Following the 1964 presidential election, the American Psychiatric Association was forced to issue “the Goldwater rule,” prohibiting shrinks from psychoanalyzing people they’d never met, after a few thousand of them had issued their professional opinion that Barry Goldwater was nuts. (A “frightened person,” “paranoid,” “grossly psychotic” and a “megalomaniac.”)
Some Times writer probably produced an op-ed calling Calvin Coolidge “paranoid.”
It’s not very interesting, but, again, the sole purpose of your op-ed is to assure the status-anxious that they are better than other people.
(2) The perfect hack phrase is to say conservatives are “frightened of the country changing around them.”
Examples:
– “The Tea Party, to be most benign about it, is primarily white, it is witnessing a country changing around it. It feels angry, feels — the diversity.” — Katrina Vanden Heuvel, MSNBC, May 24, 2012
(You want angry? Go to an Al Sharpton rally.)
– “Old white guys (are) caught in a demographic vice, right? (They) are frankly a little nervous, right? The country is changing around them. … The country is becoming more brown, and more — younger. And the values are changing. Gay rights, women are working. I mean all of these things are happening and they are not quite sure what to do.” — Jamal Simmons, MSNBC, June 15, 2013
– “I don’t think these are organized hate groups. These are, by and large, more or less everyday citizens who are very fearful of the way the world is changing around them.” — Mark Potok, (spokesman for the country’s leading hate group, the Southern Poverty Law Center) in “Changing World Draws Racist Backlash,” The Philadelphia Tribune, June 28, 2010
I thought it was a nice gesture that Mark admitted that conservatives are not “organized hate groups.” We owe you one, Mark! You’re a super guy.
(3) Call conservatives “aggrieved” as often as possible. Yes, this from the party of reparations, #BlackLivesMatter, comparable worth, “Lean In,” the DREAM Act and so on. If the Democratic Party were a reality TV show, it would be called “America’s Got Grievances!”
Examples:
– “‘We don’t have victories anymore,’ Mr. Trump told those deeply aggrieved Americans in June.” — Arthur Goldwag, op-ed: “Putting Donald Trump on the Couch,” The New York Times, Sept. 1, 2015
– “Mr. Bush has to win over a fair chunk of the aggrieved, frightened Trump voters.” — New York Times editorial, Aug. 26, 2015
– “You have this aggrieved conservative industry that makes their money by being aggrieved.” — John Feehery, Republican spokesman for former Speaker J. Dennis Hastert, quoted in New York Times, Jan. 15, 2015
You’re doing this not just for the $75 you’ll make for writing a Times op-ed. Dreadful hacks meet a need.

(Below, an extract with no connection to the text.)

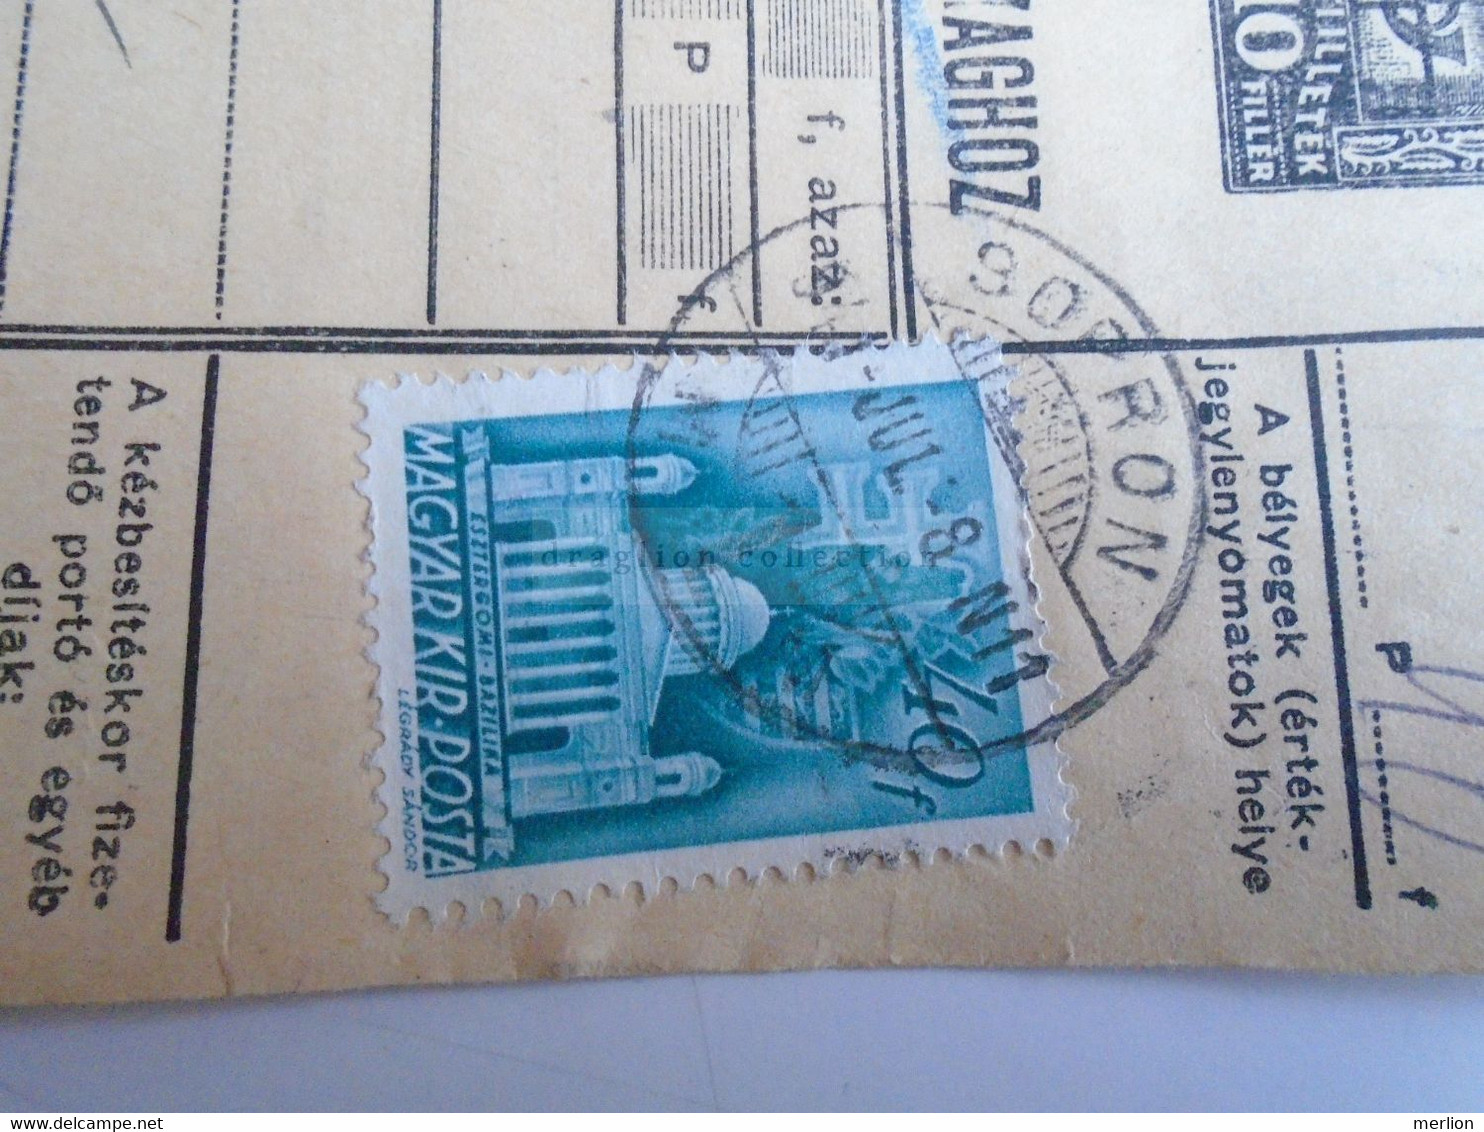 D187437   Parcel Card  (cut) Hungary 1941 SOPRON  -Kapuvár - Pacchi Postali

A lot of people are followers by nature. They just want to be told: Here are the politicians you admire, and here are the ones you disdain; here are the people you worship, and here are the ones you disparage; here are the TV shows you like, and here are the ones you despise.
Times writers are like personal shoppers for people too lazy to form their own opinions. Just don’t imagine that this is good writing, comedy or art. But it’s not bad for something you can dash off in about 45 minutes!